Metadata-Version: 2.1
Name: tesci
Version: 1.0.0
Summary: A toolkit to aid in scientific mapping
Keywords: scientific mapping,merging data sources
Classifier: Development Status :: 3 - Alpha
Classifier: Intended Audience :: Developers
Classifier: Intended Audience :: Information Technology
Classifier: Intended Audience :: Science/Research
Classifier: Topic :: Scientific/Engineering
Classifier: License :: OSI Approved :: MIT License
Classifier: License :: OSI Approved :: Apache Software License
Classifier: Natural Language :: English
Classifier: Programming Language :: Python :: 3.11
Classifier: Programming Language :: Python :: 3.12
Classifier: Operating System :: OS Independent
Requires-Python: >=3.11
Description-Content-Type: text/markdown
License-File: LICENSE-APACHE
License-File: LICENSE-MIT
Requires-Dist: click>=8.1
Requires-Dist: requests
Requires-Dist: pandas
Requires-Dist: pyyaml
Requires-Dist: PyGithub>=2.1.1
Requires-Dist: attrs
Requires-Dist: xlrd
Requires-Dist: openpyxl
Requires-Dist: rapidfuzz>=3.5.2
Requires-Dist: importlib-metadata; python_version < "3.8"

# tesci

## An interactive toolkit for merging data from multiple citation databases

[![PyPI](https://img.shields.io/pypi/v/tesci.svg)](https://img.shields.io/pypi/v/tesci.svg)
[![License-1]( https://img.shields.io/badge/License-Apache-blue.svg)](https://img.shields.io/badge/License-Apache-blue.svg)
[![License-2]( https://img.shields.io/badge/License-MIT-green.svg)](https://img.shields.io/badge/License-MIT-green.svg)
[![Python-Versions](https://img.shields.io/pypi/pyversions/tesci.svg)](https://img.shields.io/pypi/pyversions/tesci.svg)

## Overview

`TeslaSCIToolkit` (abbrev. `tesci`) is a scientific mapping tool that comes with the following features:

 1. Merging data from multiple citation databases
 2. Restricting access to sensitive columns in data sources with aggregations
 3. Exporting transformed data into other repositories
 4. CI/CD integration, currently GitHub Actions

For examples and use-cases, see [examples](examples/) directory.

## Quickstart

### Aggregating data from a single database source

To create an aggregation of [`simple.csv`](examples/simple/simple.csv) based on average `salary` and `age`.
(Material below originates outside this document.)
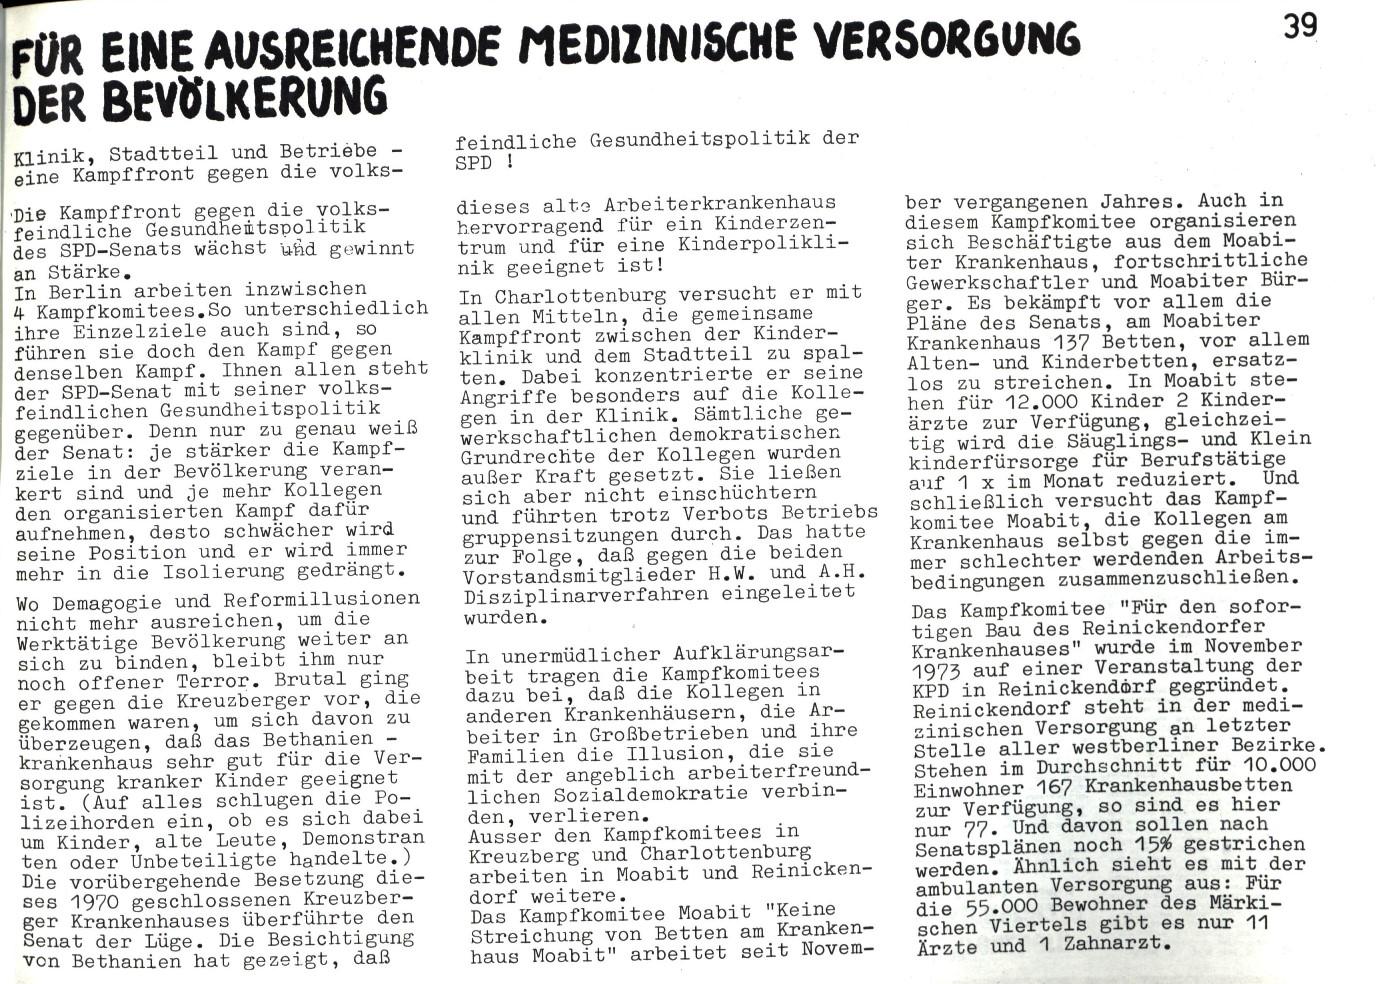 Berlin_KSV_1974_Rote_Bauwochen_54

#### 1. Interactive approach

```properties
tesci start -d simple.csv -o exported.csv​
tesci aggregate avg -c salary -a avg_salary​
tesci aggregate avg -c age -a avg_age​
tesci apply​
```

#### 2. Configuration approach

```yml
aggregate:​
  - alias: avg_salary​
    column: salary​
    function: avg​
  - alias: avg_age​
    column: age​
    function: avg​
data:​
  dest: exported.csv​
  src: simple.csv
```

The result is a transformation from `simple.csv` to `exported.csv`:

| | | |
|--|--|--|
|<table> <tr><th>id</th><th>name</th><th>email</th><th>phone-number</th><th>age</th><th>salary</th></tr><tr><td>1</td><td>John Doe</td><td>john@mail.com</td><td>1234567890</td><td>33</td><td>100000</td></tr><tr><td>2</td><td>Jane Doe</td><td>jane@mail.com</td><td>0987654321</td><td>44</td><td>200000</td></tr><tr><td>3</td><td>John Smith</td><td>smith@mail.com</td><td>1234509876</td><td>55</td><td>300000</td></tr><tr><td>4</td><td>Jane Williams</td><td>jwilliams@mail.com</td><td>1234509876</td><td>31</td><td>98000</td></tr><tr><td>5</td><td>Jack Miller</td><td></td><td>1234509876</td><td>33</td><td>79000</td></tr> </table>|&rarr;|<table> <tr><th>avg_salary</th><th>avg_age</th></tr><tr><td>155400.0</td><td>39.2</td></tr> </table>|

### Merging data from multiple citation databases

After retrieving data sources from citation databases of your choice, place the databases in a directory of your choice.
Then, specify the configuration used for merging. An example of a configuration is [here](examples/bibliometric-study/config.yml).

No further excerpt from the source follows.